In contrast, most of christianity was — at least in the first few hundred years — all about INCLUSION and spreading the word. The Gospel of Thomas wasn’t included in the cannon precicely because it was viewed as being NOT ACCURATE, and for attributing words to Jesus to meet the authors’ own (made up) hidden knowledge agenda.
This doesn’t mean it’s not interesting, or similar to both eastern thought and mediteranean mystery cults in some of it’s imbedded philosophy.
By the way, the gospel considered to be the one that is the most w/o aganda is Mark. It’s considered the oldest, and the source (or a source) of both Mathew and Luke. It reads very blunt, without much embelishment, and kind of has the flavor of someone reporting about something that they can’t really get their head around. Not a bad read.

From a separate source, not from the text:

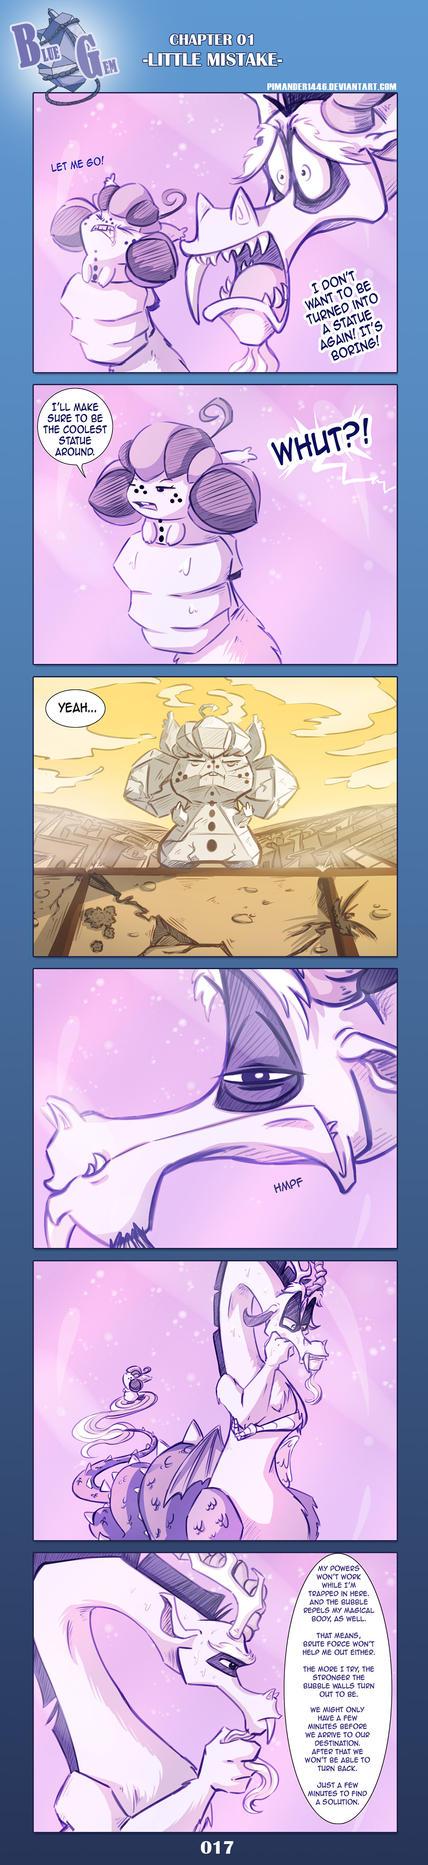 BlueGem COMIC -- Page 017 by Pimander1446
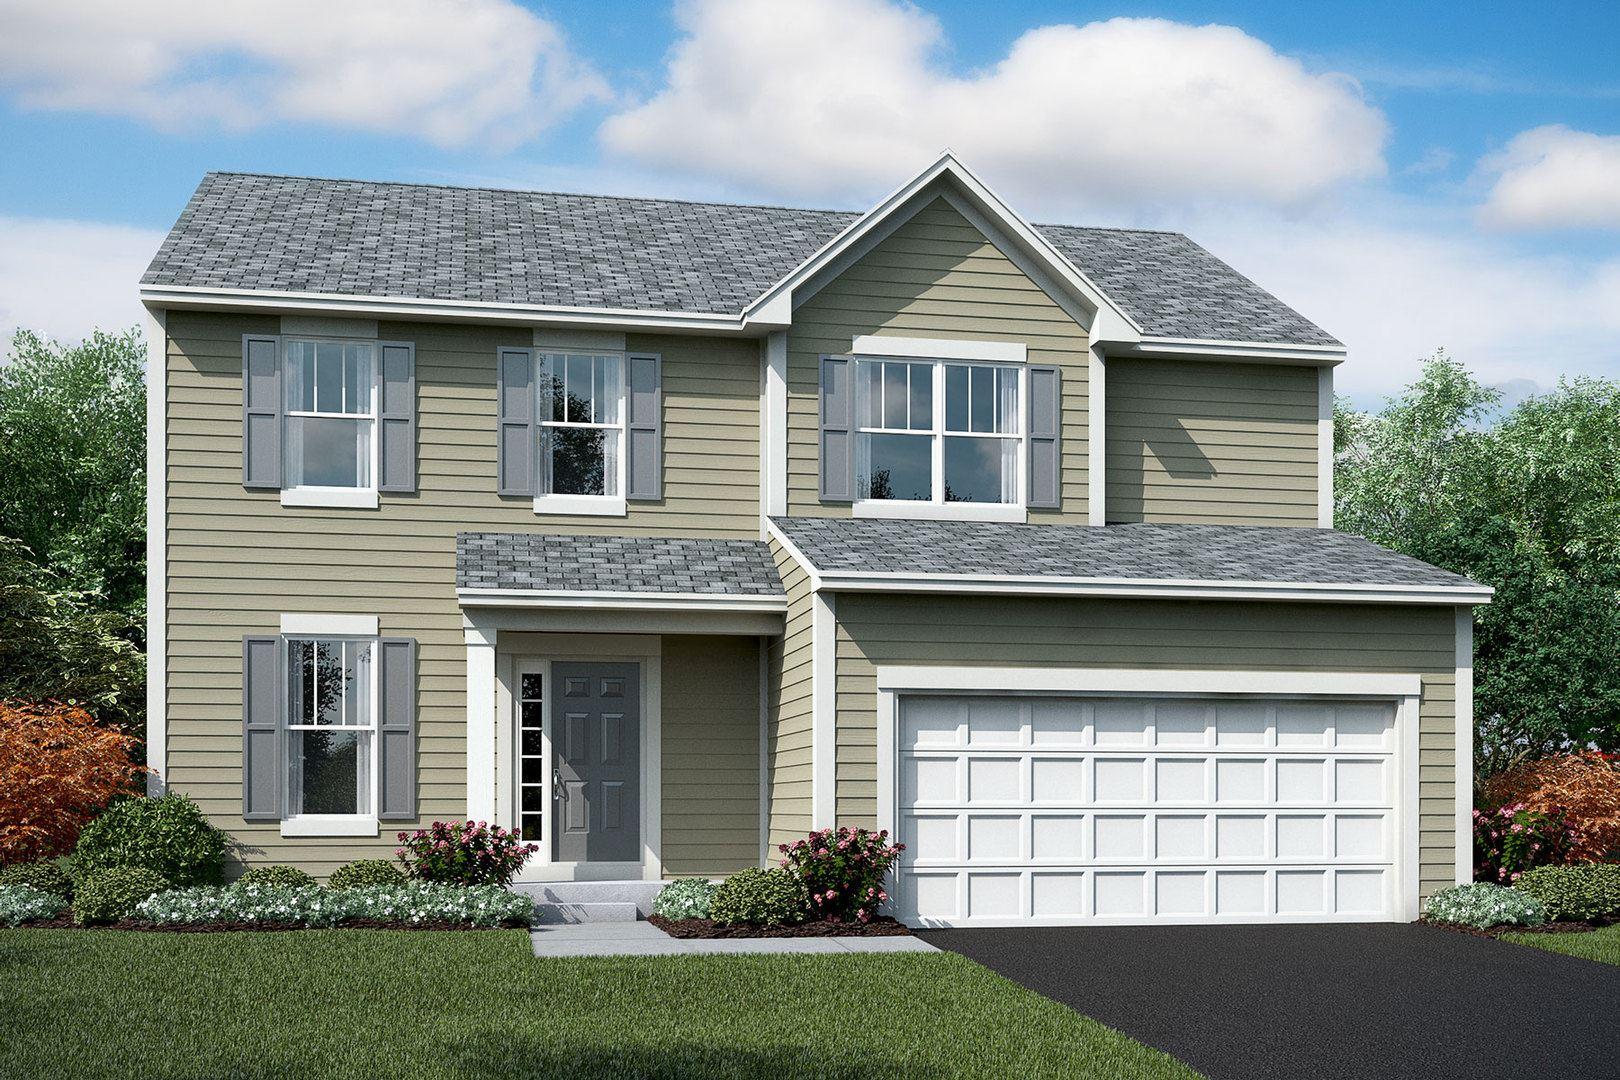 26143 S White Oak  Lot#550 Trail, Channahon, IL 60410 - #: 10737272

I’d also reccomend John and many of Paul’s letters, but for different reasons.
Finally, it’s all very nice to say “Jesus and Buddha taught the same thing” and “Jesus was just like Lao Tse”, but that is really a complete insult to everything those guys believed (at least according to most historical records).
Certainly you can pick and choose concepts that are similar among the three but Jesus was, w/o question, a practicing Jew. He believed, w/o question, in a personal god. That is, one — and only one — who was omnicient and omnipotent, and who had a definite personality and agenda. This being could be talked to, pursuaded and reasoned with.
This sort of god is central to Jesus’ beliefs and not only absent from but wholly inconsistent with the beliefs of Buddha and Lao Tse.
April 16, 2006 at 8:58 pm #12781Thanks Spyrelx for saying the obvious. And fyi, I haven’t forgotten. Topic will be covered after round 7.